Nos. 09-5032, 09-5039.

Decided: September 28, 2010

Before HARTZ, HOLLOWAY, and GORSUCH, Circuit Judges. Steven V. Buckman, Buckman & Roach, Tulsa, OK, for the Appellants/Cross-Appellees. John D. Russell, (Charles R. Willing with him on the brief), Fellers, Snider, Blankenship, Bailey & Tippens, P.C., Tulsa, OK, for the Appellee/Cross-Appellant.

These cross-appeals are from a district court decision that granted partial summary judgment to each side in an insurance coverage dispute, which also includes a “bad faith claim” against the insurer. Plaintiffs-appellants, the Oldenkamps, sued their insurer, Defendant-appellee United American Insurance Company (United), over United's denial of a claim for coverage of a medical procedure for their infant son. On cross-motions for summary judgment, the district court found in favor of the Oldenkamps on their claim for breach of contract. The district court simultaneously found that United had not acted in bad faith because the state of the law was unclear and thus the denial of coverage, even though erroneous in the district court's view, had been reasonable. Consequently, the court granted summary judgment to United on the bad faith claim and also ruled that the Oldenkamps could not be awarded punitive damages.

Both sides have appealed. The Oldenkamps, in addition to challenging the rulings already noted, also challenge the denial of their motion for spoilation sanctions.

This lawsuit was filed in state court by the Oldenkamps and removed to federal court by United on the basis of diversity of citizenship. Appellate jurisdiction is based on 28 U.S.C. § 1291.


The Oldenkamps had purchased a policy of insurance titled Limited Benefit Hospital and Surgical Expense Policy from United with an effective date of August 1, 2006 (the policy). The policy covered the Oldenkamp couple and their infant son.

The Oldenkamps' son was born with a congenital defect, a type of cyst on his right eyelid. The cyst was first noted by a doctor in late April 2006 during a routine well-baby examination. That doctor made a note “to surgeon” in his record of the exam, but in deposition said that he probably did not refer the Oldenkamps to a surgeon at that time because the condition was not urgent and the baby was too young for surgery. In any event, coverage under the policy began on August 1, 2006, and in September 2006, the boy was taken to see a surgeon. The surgeon recommended excising the cyst, which was done successfully later in September.

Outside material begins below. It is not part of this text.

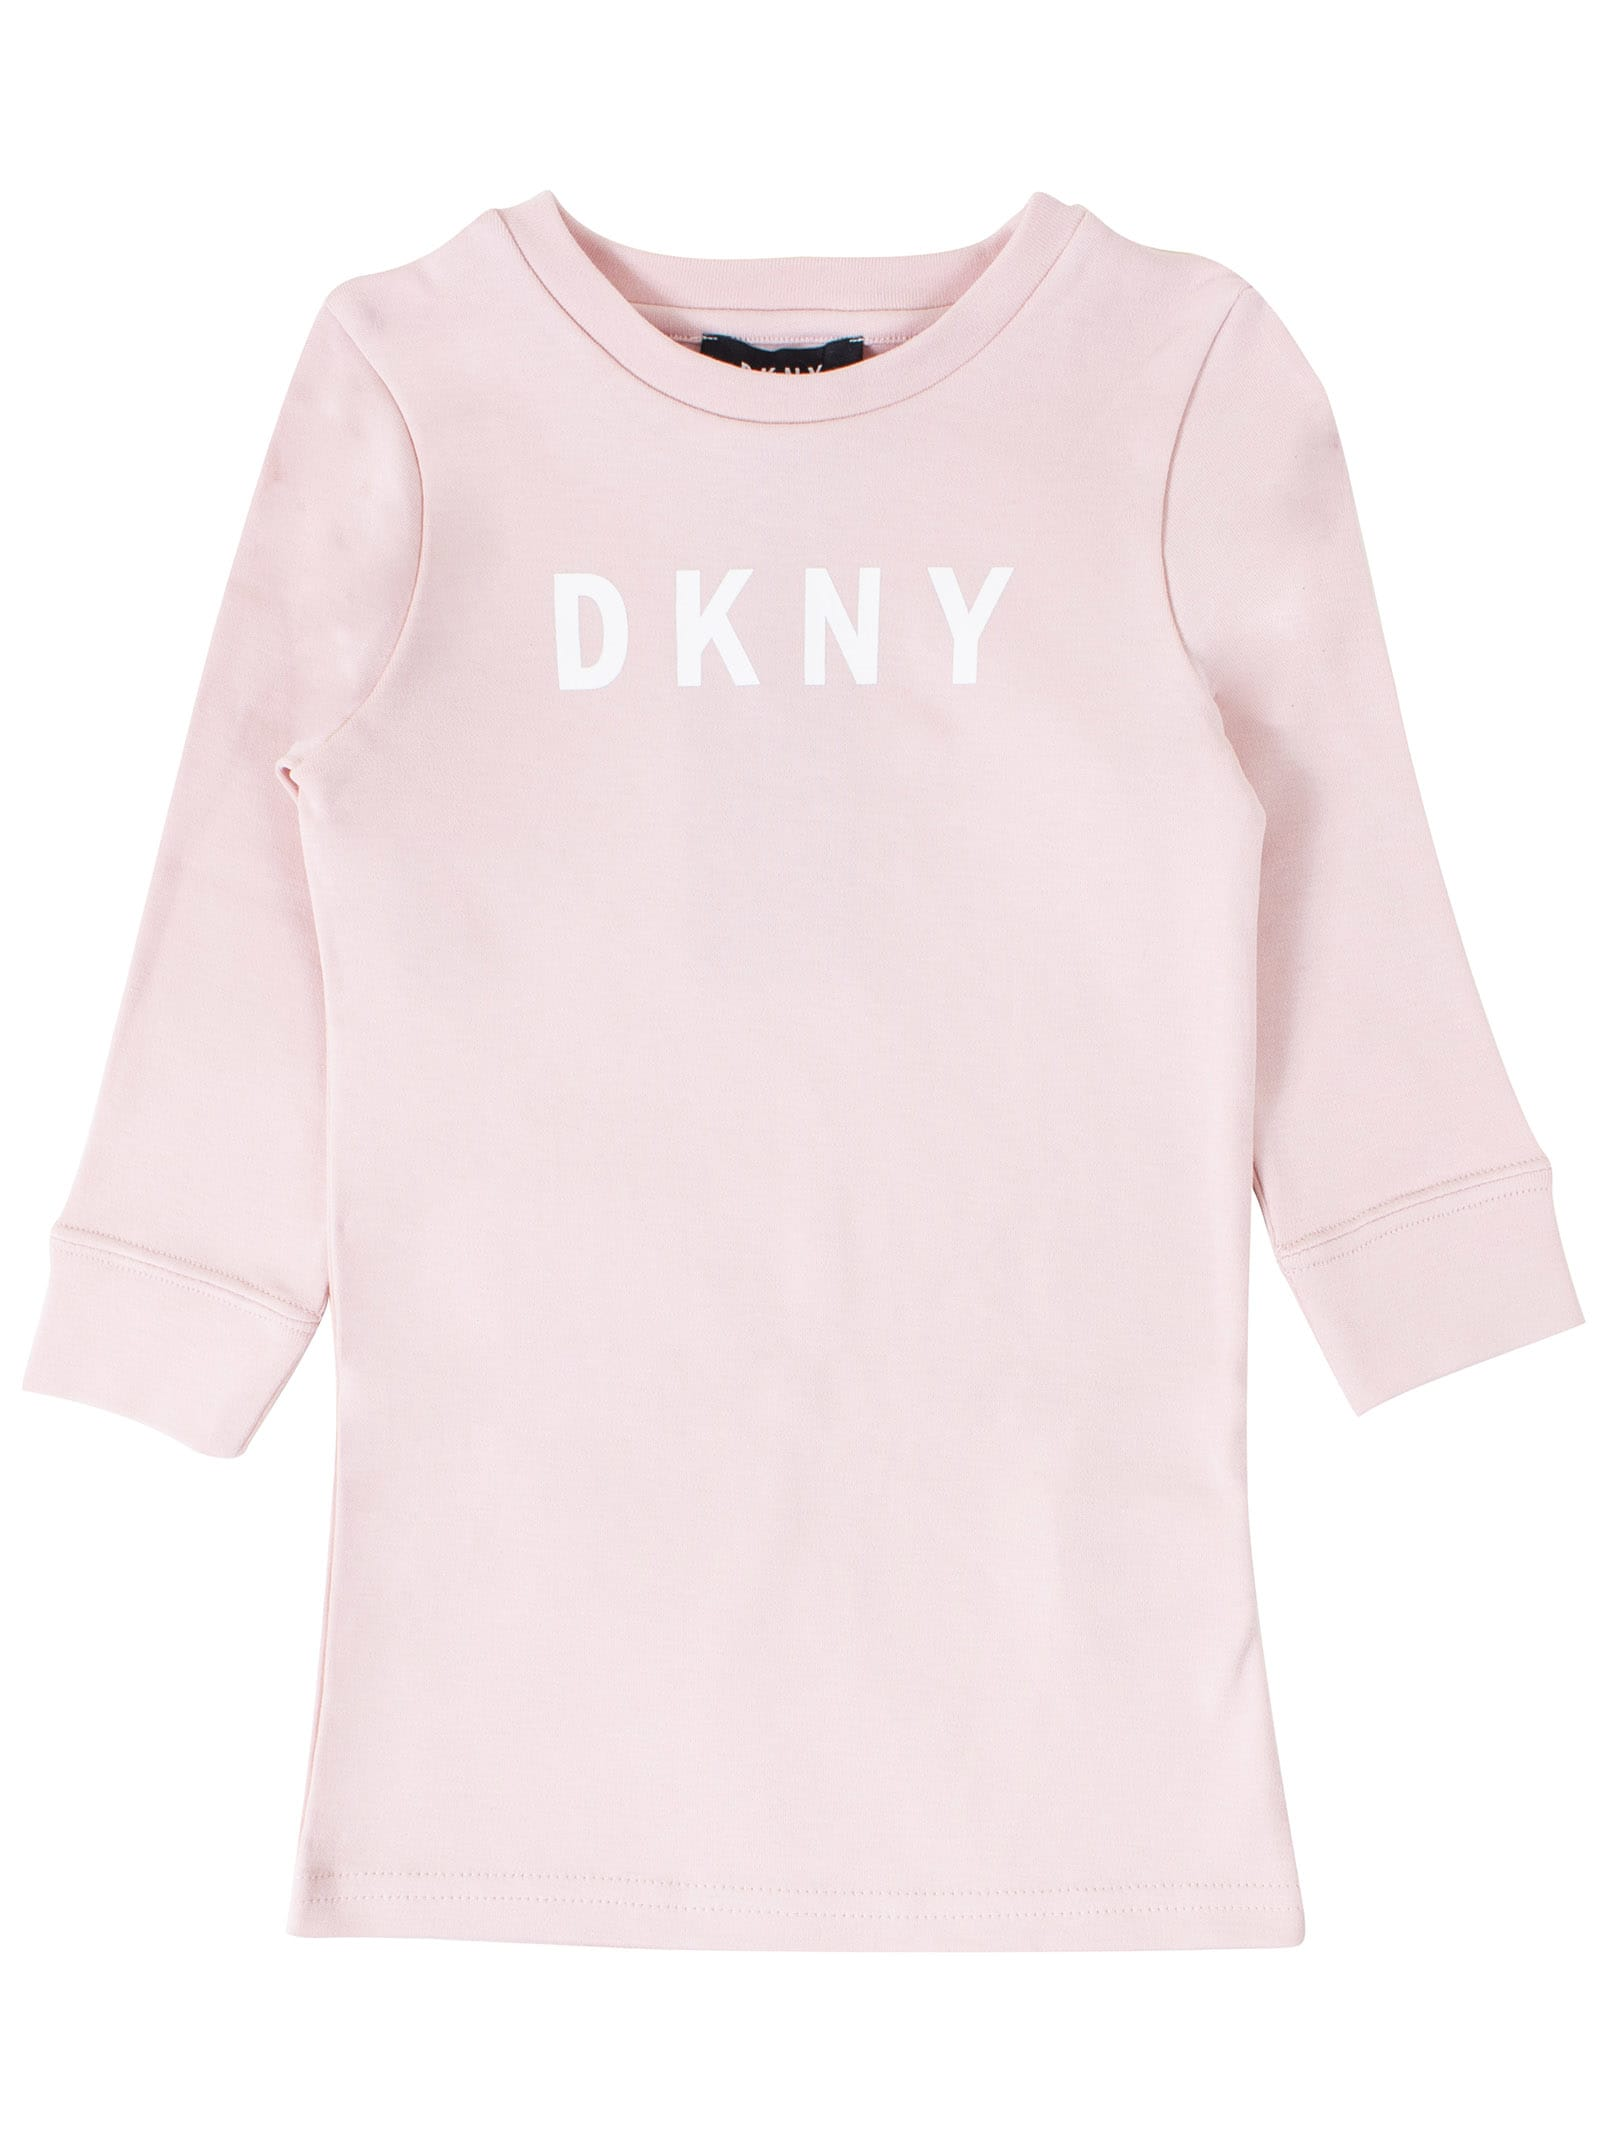 DKNY Baby Girl Dress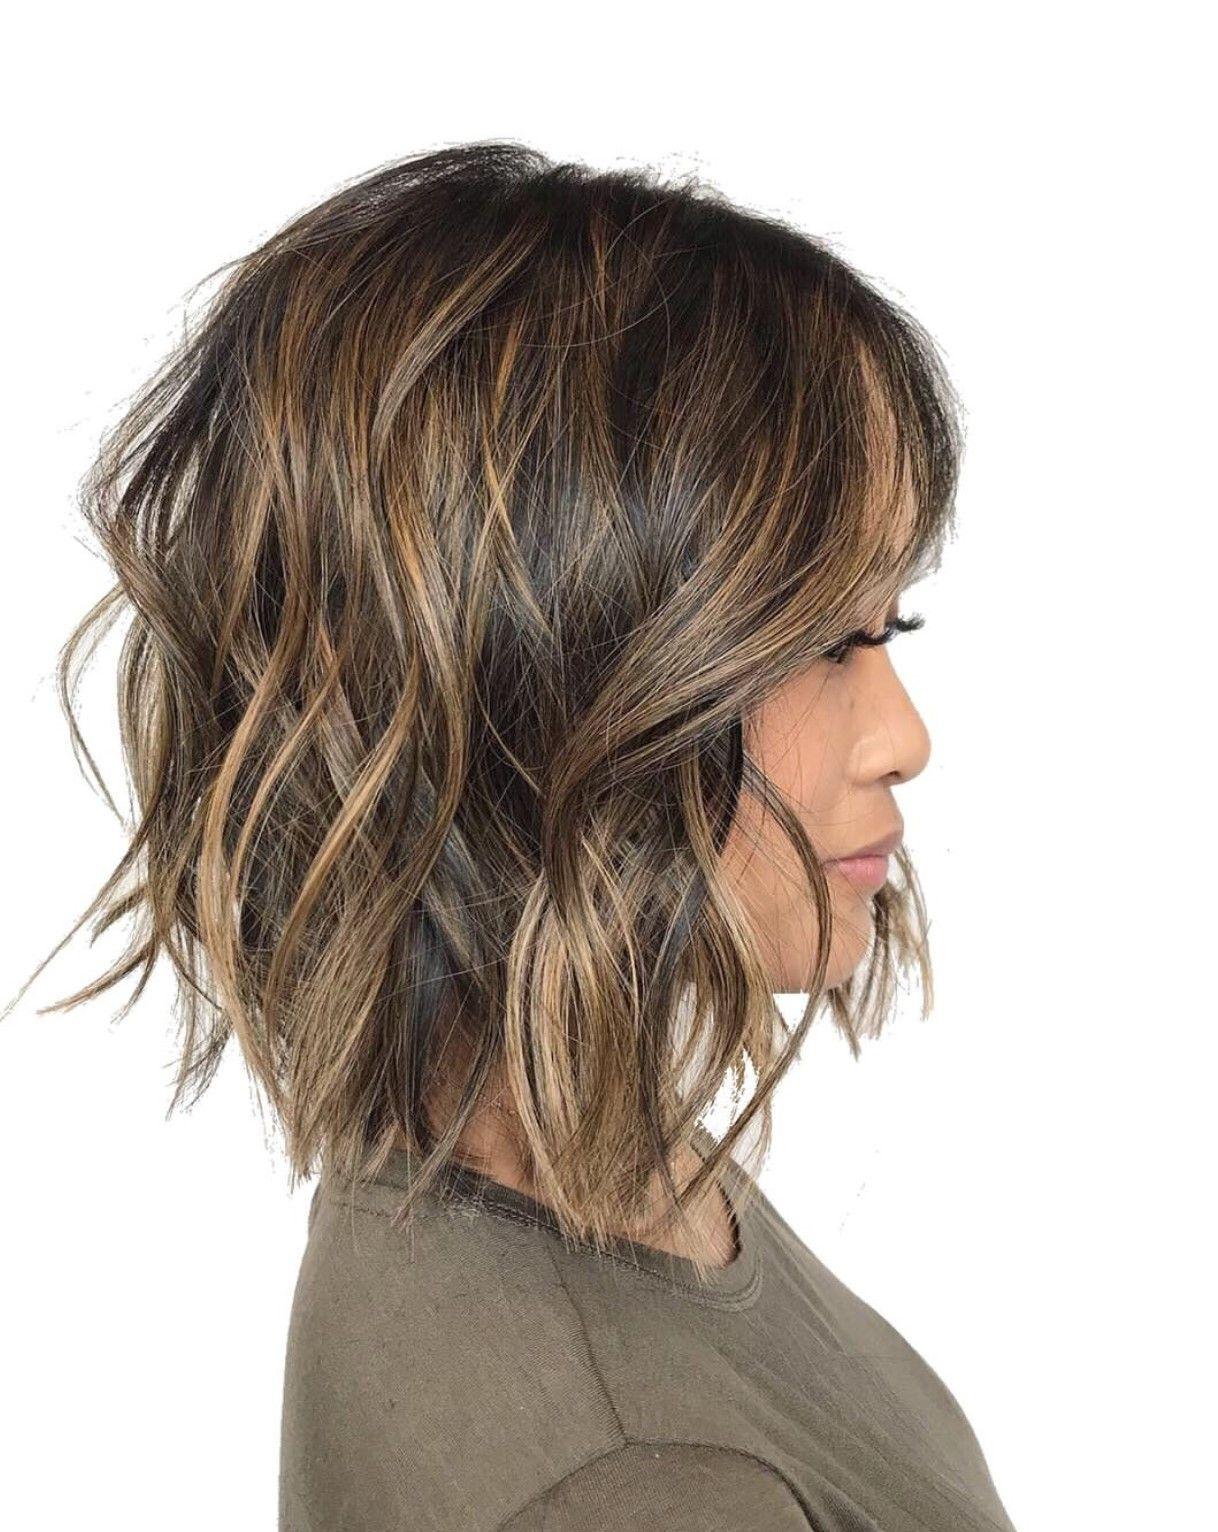 Iles Formula Hair Tips & Tricks: How to Care for Balayage Hair at home | Iles Formula

When the medical bills for the procedure were submitted for payment, United evaluated the statements, requesting medical records from various service providers and asking the Oldenkamps to complete a “Claimant's Statement.” United denied payment for the claims upon its determination that the cyst was a pre-existing condition excluded under the policy. Ms. Oldenkamp responded by letter to United, requesting reconsideration. United sent a second letter, affirming its decision to deny payment based on the pre-existing condition exclusion.

The policy included the following Pre-Existing Condition Limitation:

This policy does not insure You against loss incurred during the twelve (12) months immediately after the effective date of this policy if that loss results from a Pre-Existing Condition. In addition, any Pre-Existing Condition listed on the application is not covered for the first twelve (12) months after the policy effective date.

Under the policy, a “pre-existing condition” is defined as:

any condition for which symptoms existed which would cause an ordinary prudent person to seek diagnosis, care or treatment within the 12 month period immediately prior to the effective date of Your or the Family Member's coverage under this policy. It also means any condition for which the Family Member did receive treatment or medical advice during the 12 month period immediately prior to your or the Family Member's effective date of coverage under this policy.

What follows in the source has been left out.